The Shared Experiences of All Women

There are experiences common in every woman I have ever known. I’ve lived in Nigeria, Zimbabwe, India, Vietnam, Bangladesh and the United States, and witnessed the unique conditions of global women. From young girls in rural Zimbabwe to corporate women in New York City, there are common threads regardless of culture, religion and socioeconomic background. Every woman, at different times in her life, has woken up to stark realities which are absent from the experiences of her male counterparts. While the severities, timings and contexts are different, the core notions and resulting emotions are the same. They are dense with stress and fear in an effort to find authenticity, security and self-worth. This is the darker side of being a woman today.
 
Every woman has struggled with the fact that her sexuality does not belong solely to her and is an object of power wielded by others. For example, female sexuality is used to further capitalistic causes, control ethnic lineage, represent the values of a religion and rape is used as a military tactic in some war-torn regions. The list of goals is unending. Collectively speaking, female sexuality has become a tool and we’ve developed classless words for women who dare to exercise its power for themselves. Every woman I have ever met has been through varying degrees of stress or trauma rooted in the fact that her sexuality, reproductive freedoms and body are not wholly for her utilization, pleasure and spirit.
 
Also, every woman has felt disappointment or struggled with the popular view that a woman’s life is incomplete without the validation or nurturing of another. That her ability to accommodate other human beings, be it her colleagues, husband, children, friends, is directly related to her worth. That the value of her own self is secondary. Consciously and unconsciously, every woman has felt the abrasive pressure to measure herself against her value to others.
 
At various degrees of severity, every woman I know has feared for her sexual and physical safety.
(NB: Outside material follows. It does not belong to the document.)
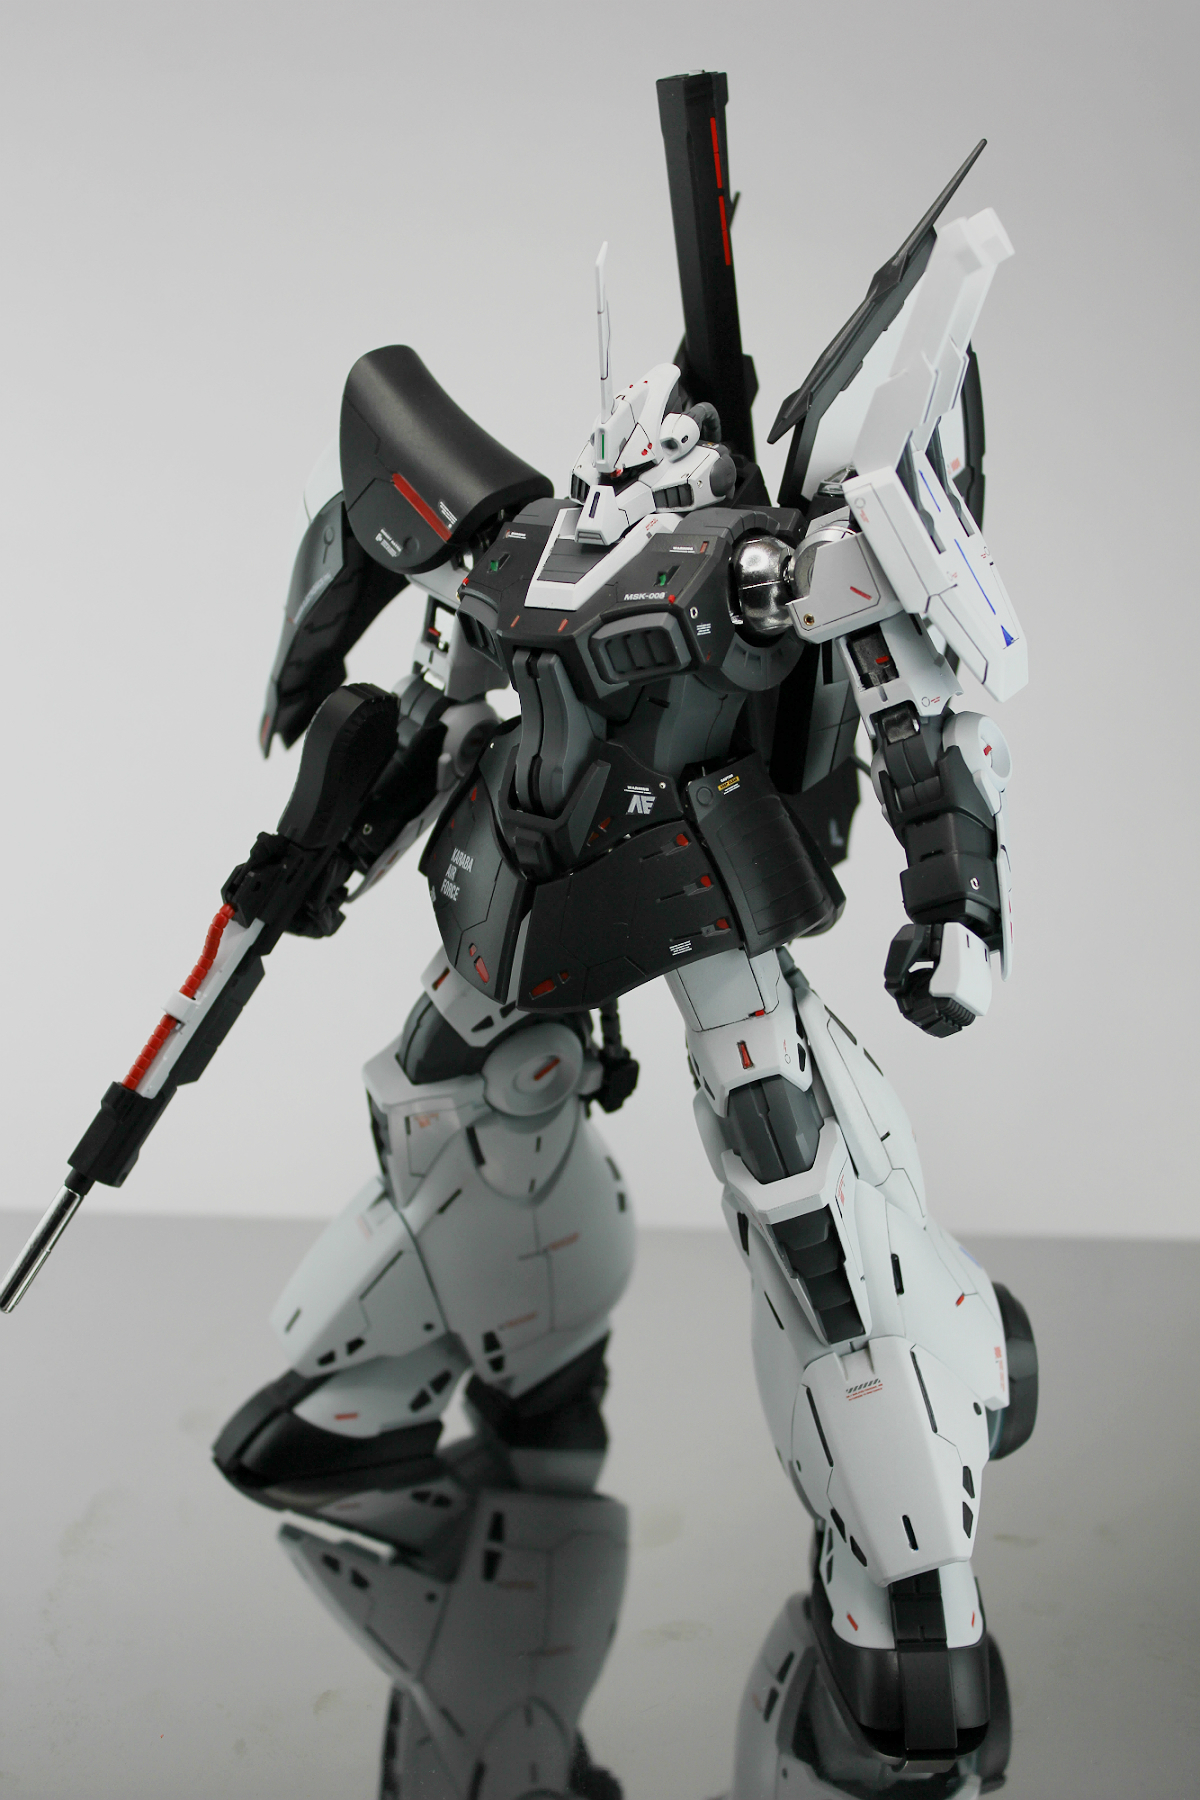 Robotunit8

The experience of being a woman is ripe with stories of misogyny, harassment and violence. The world is generally less safe for women than their male counterparts. It didn’t matter whether I met a female tycoon in London or a woman from a remote village in Bangladesh, every woman has a story of danger.
 
Finally, every woman ultimately experiences distress due to the false notions that her appearance and self-worth are correlated. Each woman’s degree of distress varies, from eating disorders to a quiet internalization.
 
During conversations about the state of women, it’s wise to discuss how much progress has been made. There are more women who are educated and financially independent than ever before. Undoubtedly, this is progress relative to a previous generation. However, we are still on a long trek and the summit is not yet in sight.
 
So whether you are male or female, I ask this of you today, tomorrow and every day: the next time you can ease a woman’s fears about safety, don’t hesitate. If you’re in a conversation that’s disrespectful to women, say something even if you risk being uncool.
 
Step by step, we will all reach that summit together by using compassion and kindness as our equipment. Little by little, we can create a world where these experiences are not inevitable for our daughters. Brick by brick, we will build a foundation of a healthy partnership and respect between the sexes. These common threads will fade into the distant past.